CAT PHILES

Texas Cat Tales

Cat Saved me from Rattlesnake

I was raised on a ranch in southern Texas and as a boy (I am now 51) I did a lot of ranch work. We had a bunch of working cats. They were tame and affectionate, but they earned their right to stay. One cat, Sue, would eat only the choice portions of rats so she had catch several per day. Since she dined on the porch I had to dispose of several victims a day. She was solid black and must have been a terror that rat mothers warned their children of. But I digress.
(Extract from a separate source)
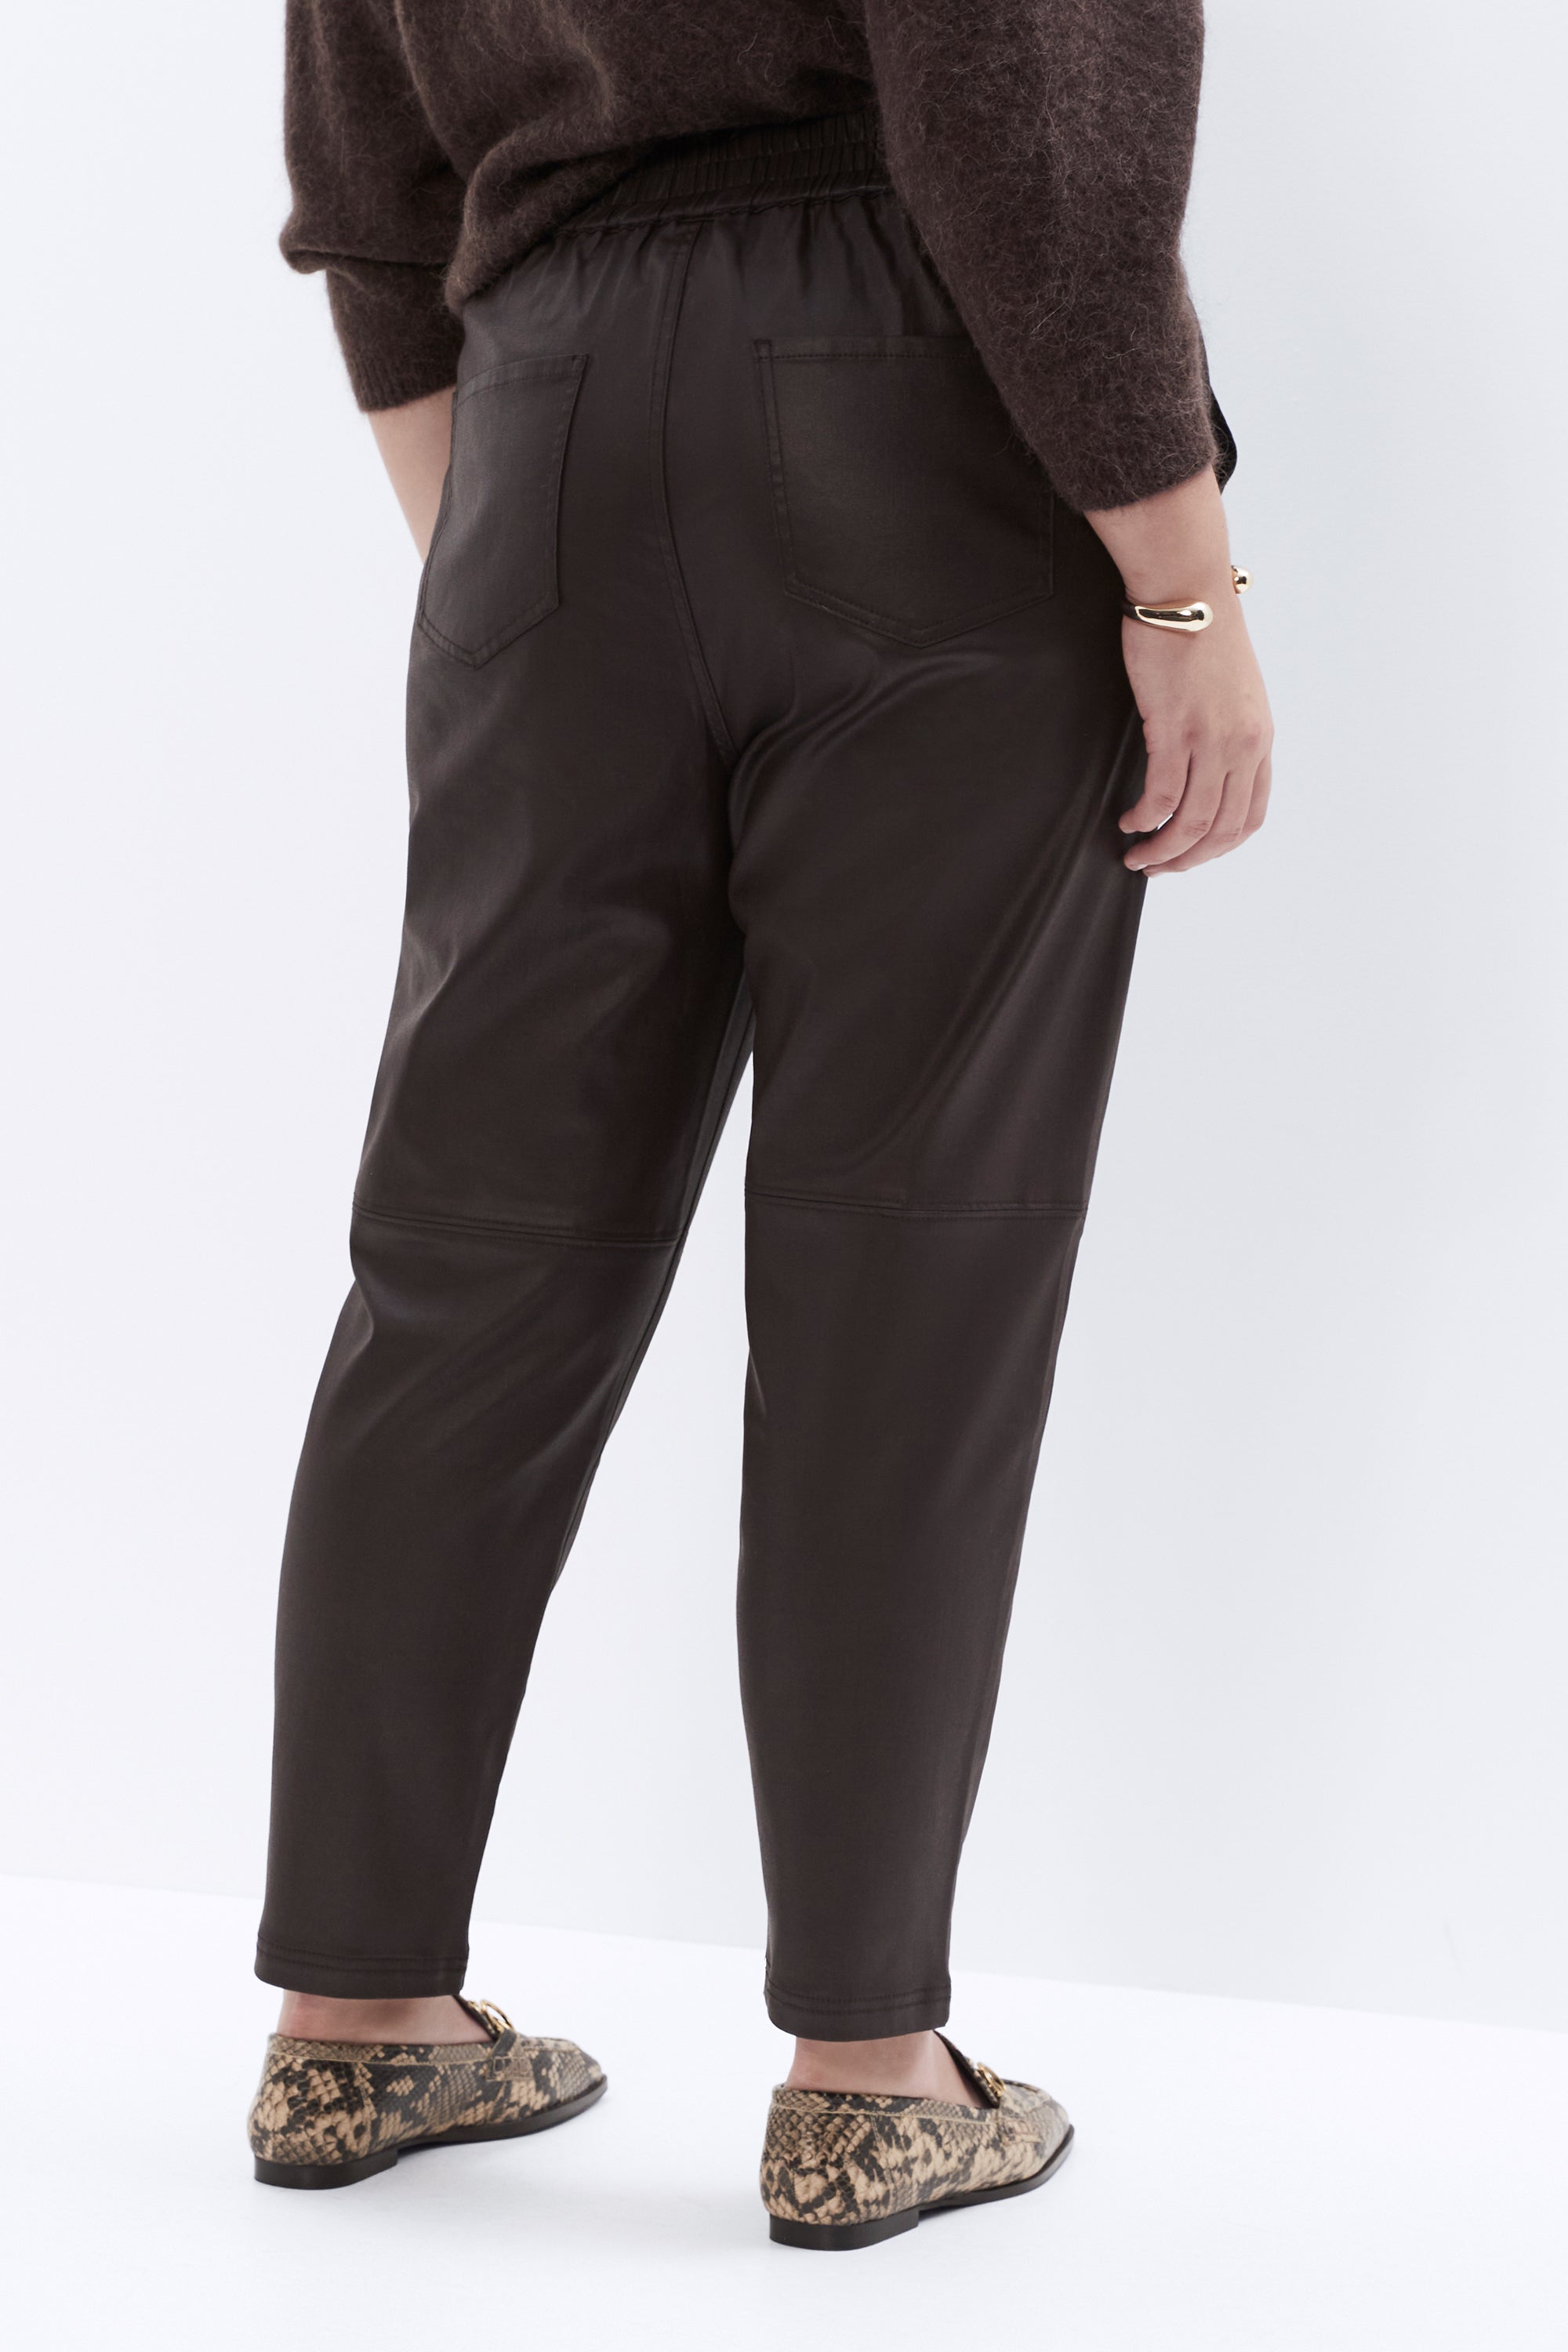 Women's Casual Pants & Work Trousers - Unison

One summer evening Dad and I were in the barn working, pulling on a rope. As usual several cats were in attendance in case we scared up a morsel for them. I was behind Dad as we slowly pulled the load. I was backing straight toward a diamondback rattlesnake. When I was about five feet from the snake when Diana, a beautiful calico, sprinted to a spot just behind me and yowled a challenge. The snake put his rattlers on full warning. The sound that you hear on TV, while accurate, is not the same as in real contact. In real contact your flesh crawls, and you forget everything else. I screamed "Rattler" and set new records for the 13-year old standing broad jump. Diana held her ground, just out of striking range, poised for mortal combat, as the snake held his head cocked, ready for the same, rattlers whirring. Even though the snake only wanted a meal of rat, in Texas of 40 years ago there was an ethic that rattlesnakes were to be killed on sight. We did.

Diana wasn't injured and enjoyed a special place in my heart, and still does in my memories. She lived out here days with us one the ranch.